The idea for the international award came after criticism that the Booker Prize -- one of the most prestigious in contemporary literature -- was open only to British and Commonwealth authors. The International Booker will be awarded once every two years to a living author of fiction whose works are either published originally in English or available in translation.
"I was astonished when the call came," the British daily The Guardian quoted Kadare, 69, as saying Thursday in Paris, where he sought political asylum in 1990. "The shortlist alone made up an extraordinary literary family."
Kadare, whose works have been translated in more than 40 countries, is best known for his first novel, "The General of the Dead Army" (1963). Other titles translated in English include "The Three Arched Bridge", "Chronicle in Stone", "Durontine", "The File on H", "The Concert" and "The Palace of Dreams".
"I feel deeply honoured by the award," Kadare said. "I am a writer from the Balkan Fringe, a part of Europe which has long been notorious exclusively for news of human wickedness -- armed conflicts, civil wars, ethnic cleansing, and so on."

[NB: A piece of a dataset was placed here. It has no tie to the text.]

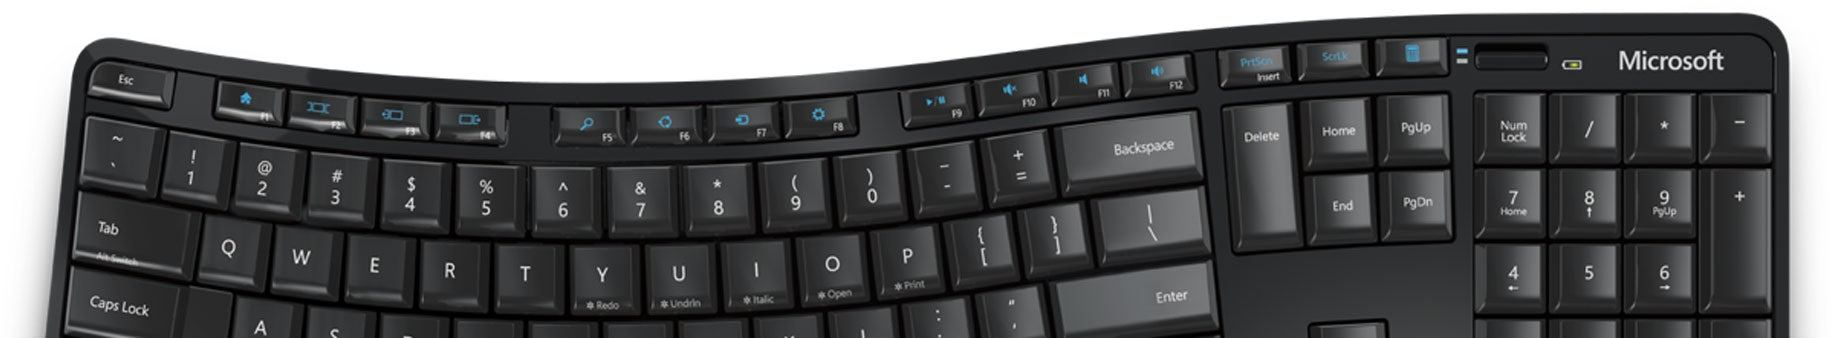 microsoft klávesnice

He said he hopes that Europe and the world would now change their views of the region and realise that it "can also give rise to other kinds of news and be the home of other kinds of achievement, in the field of the arts, literature and civilisation".
Kadare will be awarded the equivalent of nearly 89,000 euros and a trophy at a ceremony in Edinburgh on 27 June. In accordance with the rules, he will choose a translator or translators to receive an additional prize of 22,000 euros.
Kadare was born in 1936 in the southern town of Gjirokaster. Initially a journalist and poet, he became critical of Enver Hoxha's repressive Stalinist regimes.
"The only act of resistance possible in a classic Stalinist regime was to write -- or you could go to a meeting and say something very courageous, and then be shot," The Guardian quoted Kadare as saying. "I was very lucky to be able to publish from time to time. A lot of writers were simply crushed."
The fact that six of his works were banned proved counterproductive for Albania's communist regime, "because all those people who had already read them started studying them seriously to see just why they were so subversive," he also told the British daily. "So book bans actually played a big role in the emancipation of the country."